Displaced, at loose ends

Closing veterans home in LR cast some adrift

Veteran John Kendall stands on the front porch of his new home Wednesday in North Little Rock.
Veteran John Kendall stands on the front porch of his new home Wednesday in North Little Rock.

When the Little Rock Veterans Home shut down in November 2012, Army veteran John Kendall was one of the last to leave.

He watched as the number of residents decreased from 70 in June to 40 in August and eventually dwindled to just three during his final days.

“I had given up on myself and didn’t think there was any hope.”

John Kendall, a former Little Rock Veterans Home resident

As the weeks ticked down, people asked Kendall what he would do once the home closed, and he would reply, "I'm waiting on a miracle to happen." After six years in the home, the group of veterans had become his family, Kendall said, a family that he was unwilling to lose.

The closure was announced after inspectors estimated it would cost more than $10 million to fix structural problems with the building at 4701 W. Charles Bussey Ave., which was one of Arkansas' two state-run veterans homes. In addition, it was found that the Arkansas Department of Veterans Affairs illegally had collected about $600,000 in out-of-pocket fees from residents.

Martha Deaver, president of the Arkansas Advocates for Nursing Home Residents, organized a rally at the Capitol in August 2012 to urge lawmakers to fund a new veterans home. In March 2014, the Arkansas Legislature voted to appropriate $7.5 million to match potential federal construction grants for a replacement home, which will be located near the Eugene J. Towbin Healthcare Center (Fort Roots) in North Little Rock.

However, there was no quick-fix for the displaced veterans.

"The men and women in the VA Little Rock home were just absolutely thrown out and taken away from their family," Deaver said Tuesday. "They were dispersed to different facilities across central Arkansas. I stayed in touch with many of them. Some of them got on drugs, some of them didn't make it. John Kendall almost didn't make it."

After leaving the home in October, Kendall spent one month at St. Francis House in Little Rock, which provides transitional housing for homeless veterans. From there, he bounced around, briefly staying at a friend's home before moving into an apartment of his own.

Kendall said he has a history of substance abuse, and he found himself "surrounded with drugs" at the apartment. He no longer had people monitoring his medication, organizing his bills or taking him to appointments.

He went back to using drugs, and then ended up on the streets. A suicide attempt landed him in an intensive-care unit, he said.

"I had given up on myself and didn't think there was any hope," Kendall recalled of that time.

On June 25, less than a year after the suicide attempt, Kendall, now 60, moved into a brand-new, single-story, three-bedroom, two-bathroom home in North Little Rock. His hope restored, Kendall has set his sights on a new goal: re-creating the veterans community he lost.

After he was released from the hospital, Veterans Villages of America, a local organization headed by retired Army Col. Mike Ross, helped Kendall secure the home through Habitat for Humanity, which provided him with a no-interest mortgage. Veterans Villages of America is working to create a network of veterans in North Little Rock's Baring Cross neighborhood, minutes away from Fort Roots.

Ross and other members of the group have found and furnished housing for three veterans so far, two of whom used to live in the Little Rock Veterans Home, and Ross has expansion plans. He wants the group to buy land, build houses and find veterans to put in them.

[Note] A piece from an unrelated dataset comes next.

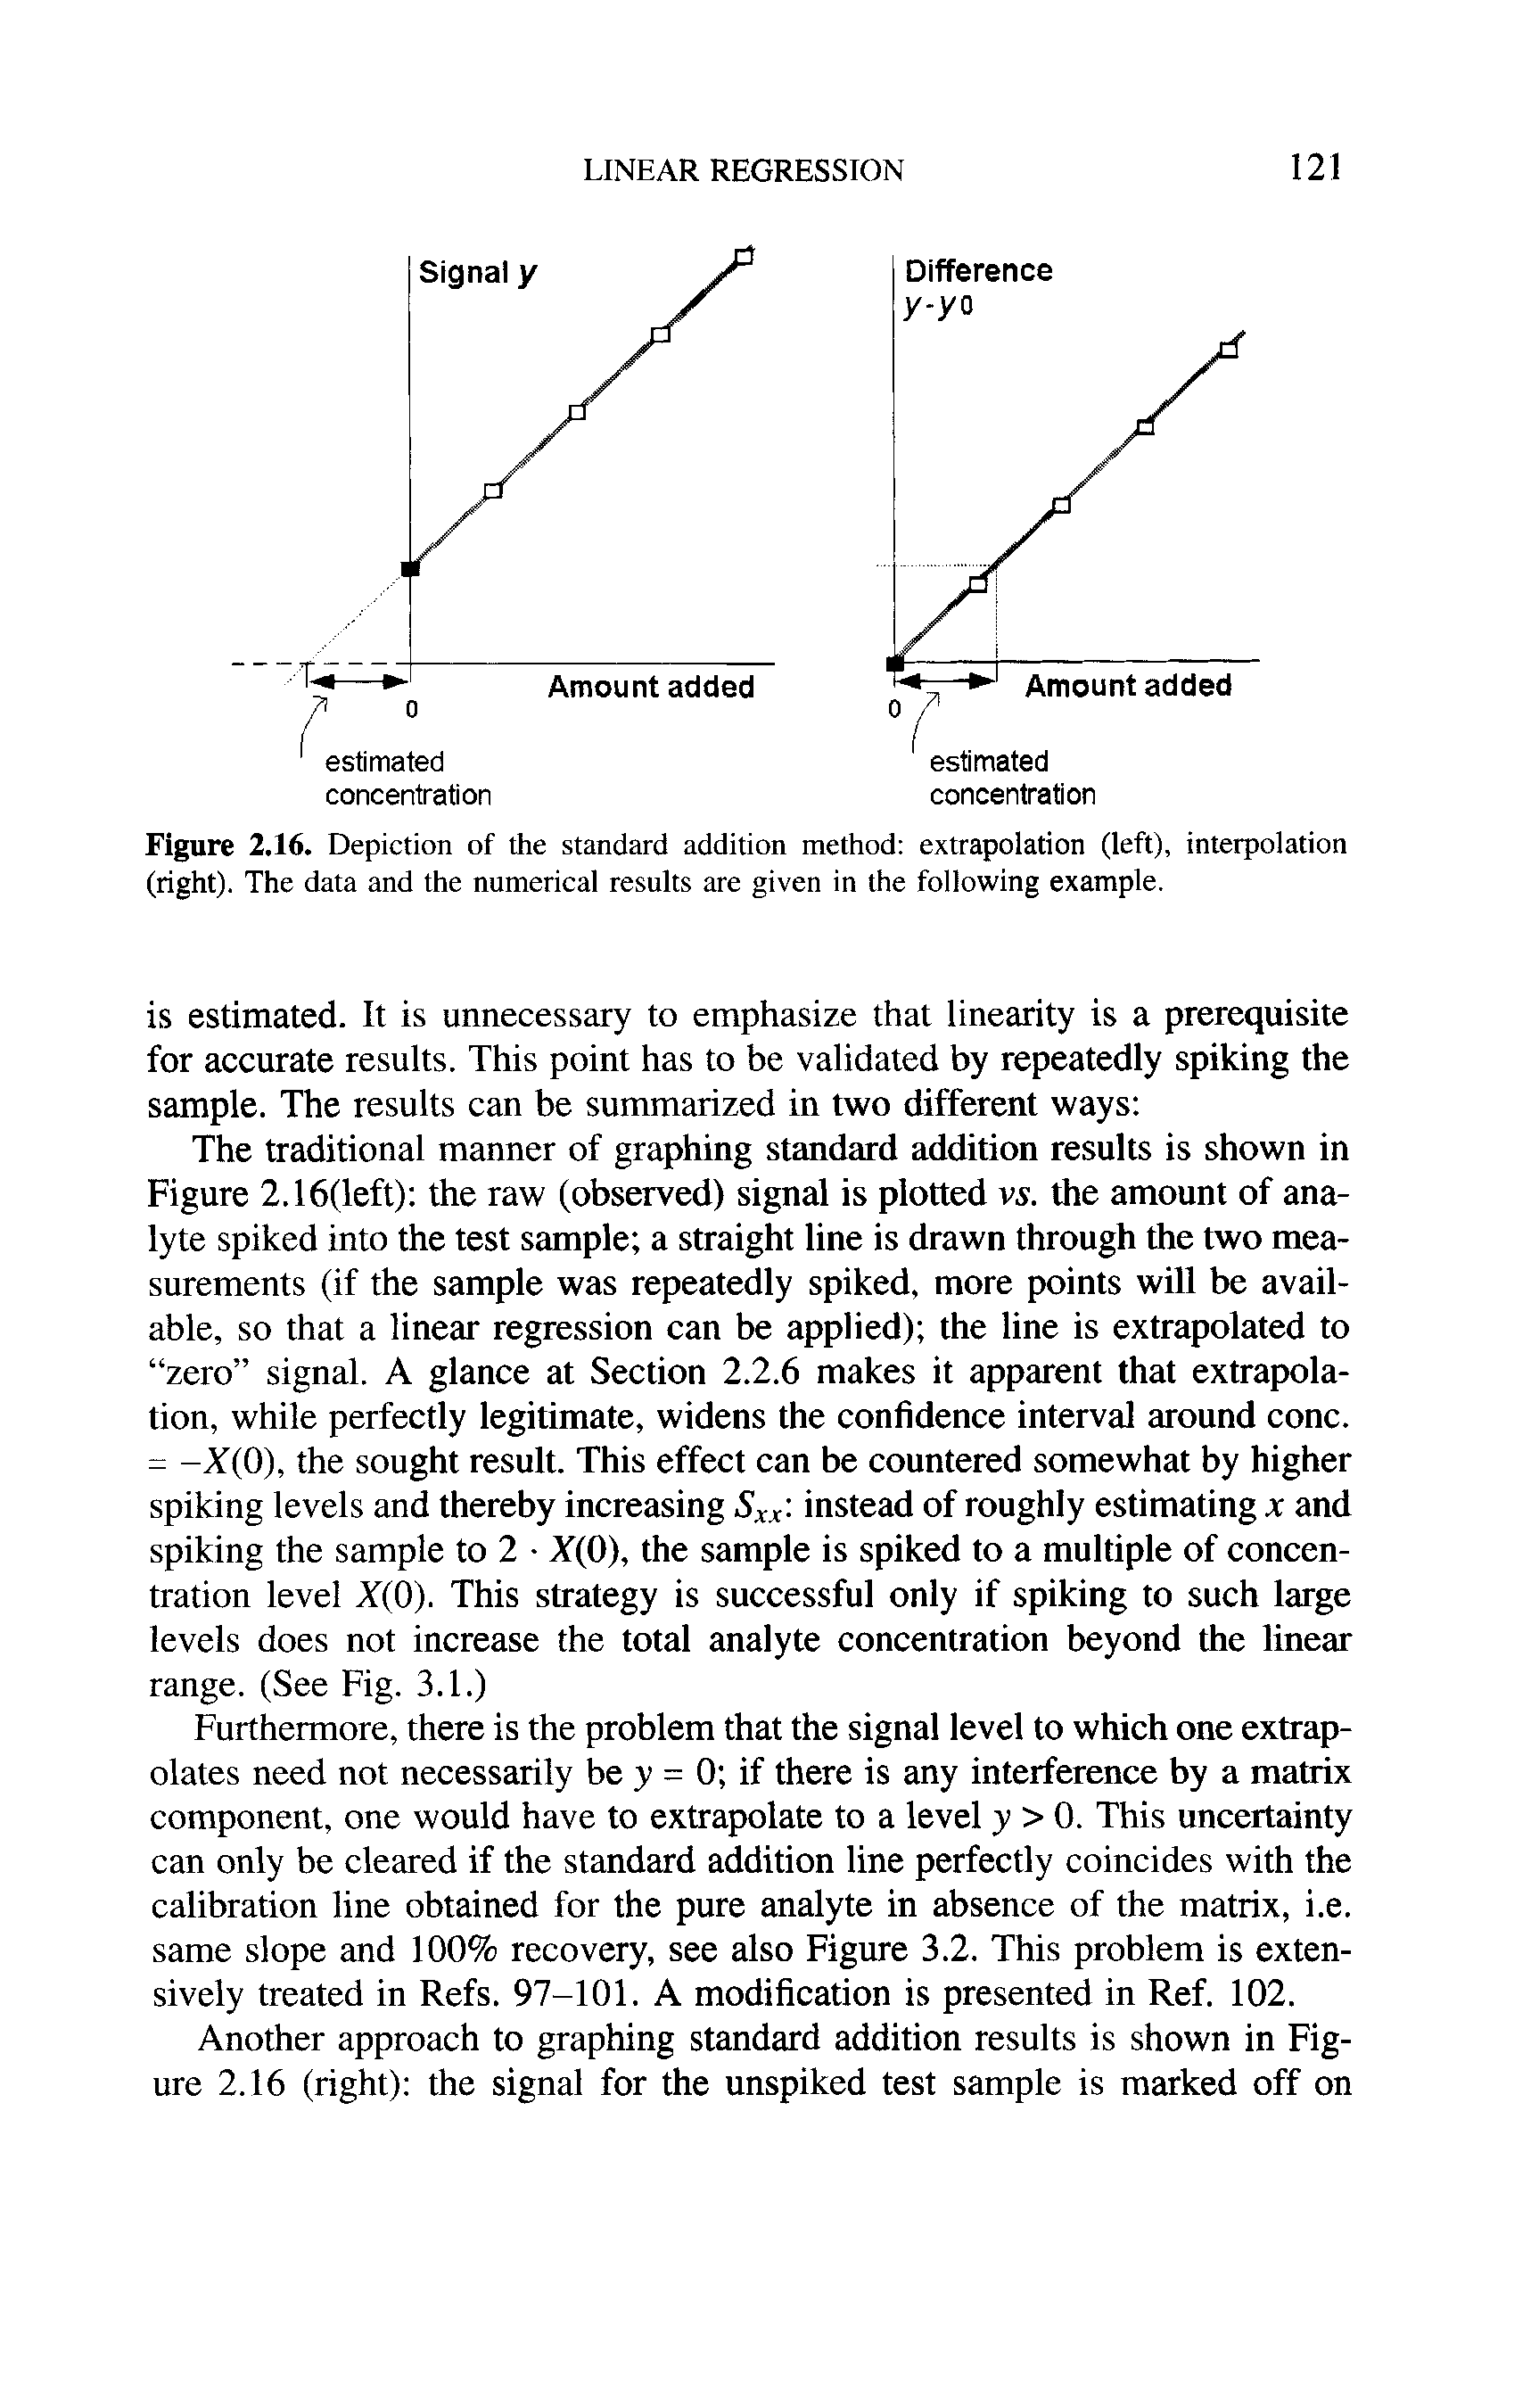 Figure 2.16. Depiction of the standard addition method extrapolation (left), interpolation (right). The data and the numerical results are given in the following example.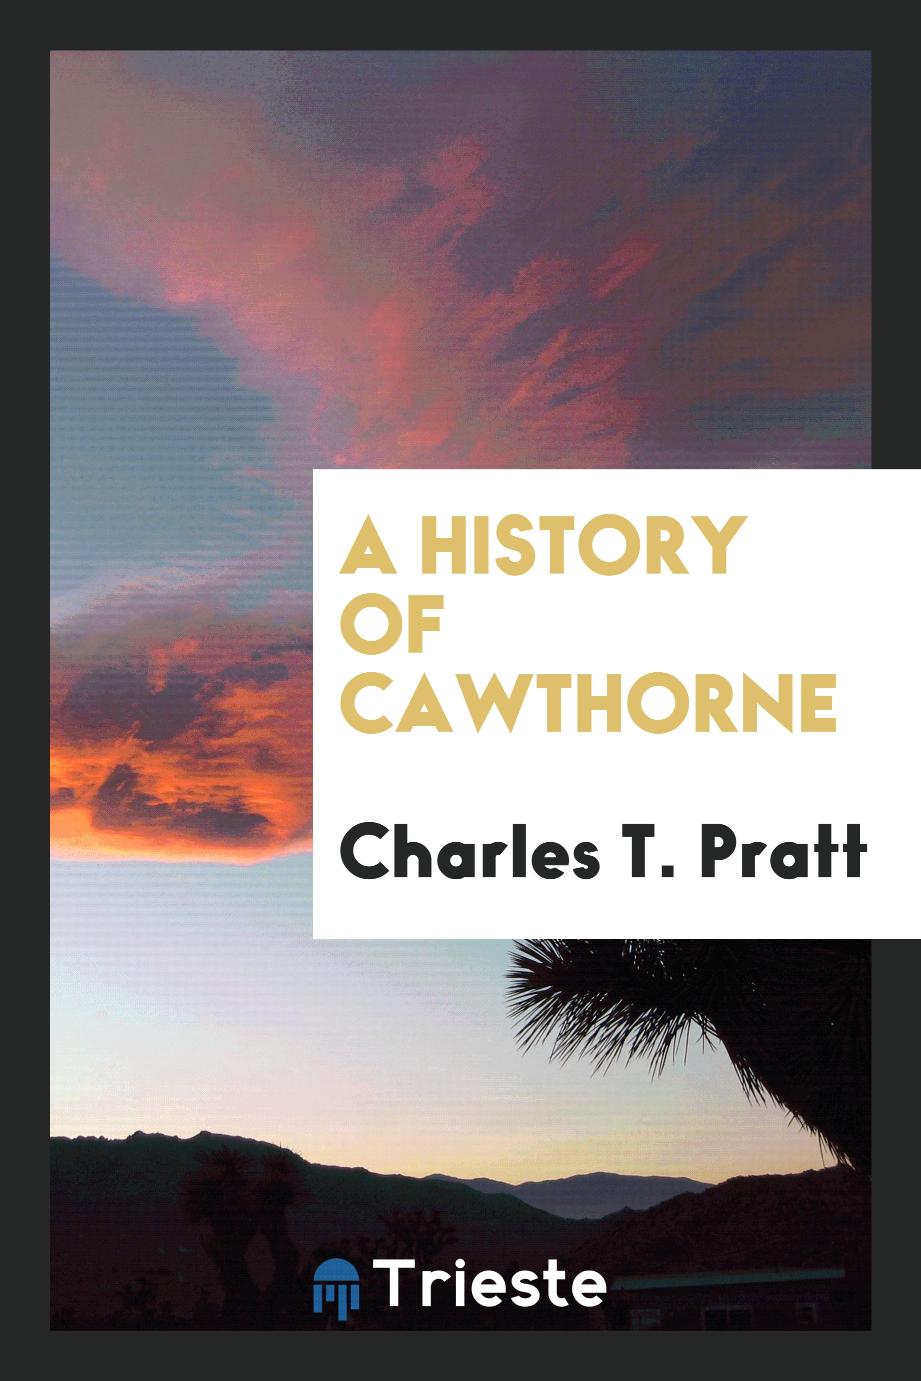 A History of Cawthorne

Ross and several others were emboldened to form the group after the closure of the Little Rock Veterans Home about two years ago.

"We were all very frustrated," Ross said. "We're not saying that the veterans home didn't need to shut down, but we were frustrated because no one had a plan."

The group's goal to get veterans in houses close to one another to help revive the camaraderie that existed in the veterans home. Ross, who said he wants to "think big and scale back if I need to," even hopes to one day build an all-purpose community center in the neighborhood.

The first step of the group's plan was put into action in mid-June. Days before Kendall moved into his new home on Sycamore Street, Veterans Villages of America helped Army veteran John Kusturin move into his house a few blocks away on Schaer Street.

For the first time, Kusturin hosted his family's Fourth of July get-together this year.

He and about 10 family members gathered for a potluck Friday to celebrate the holiday as well as Kusturin's personal independence just two weeks after the 51-year-old Persian Gulf War veteran moved out of his sister's house and into a home of his own.

"We're right here together," Kusturin said of the new community. "That way we're always looking out for each other."

Kendall wants to give back, he said, by telling other veterans about the opportunity he and Kusturin were given and encouraging them to try for the same.

"Those years that I was at the veterans home were probably some of the best years of my adult life," Kendall said. "I made some real good friends, and I became a part of something that was bigger than myself. I was a part of a veterans family."

Leaned back in a recliner in his new home, wearing an Army T-shirt and cap, with Ross sitting nearby, Kendall said he feels like part of a family again: "I'm excited to be part of this new community," he said. "I've found my miracle."

"And it's up to you to keep it," Ross added.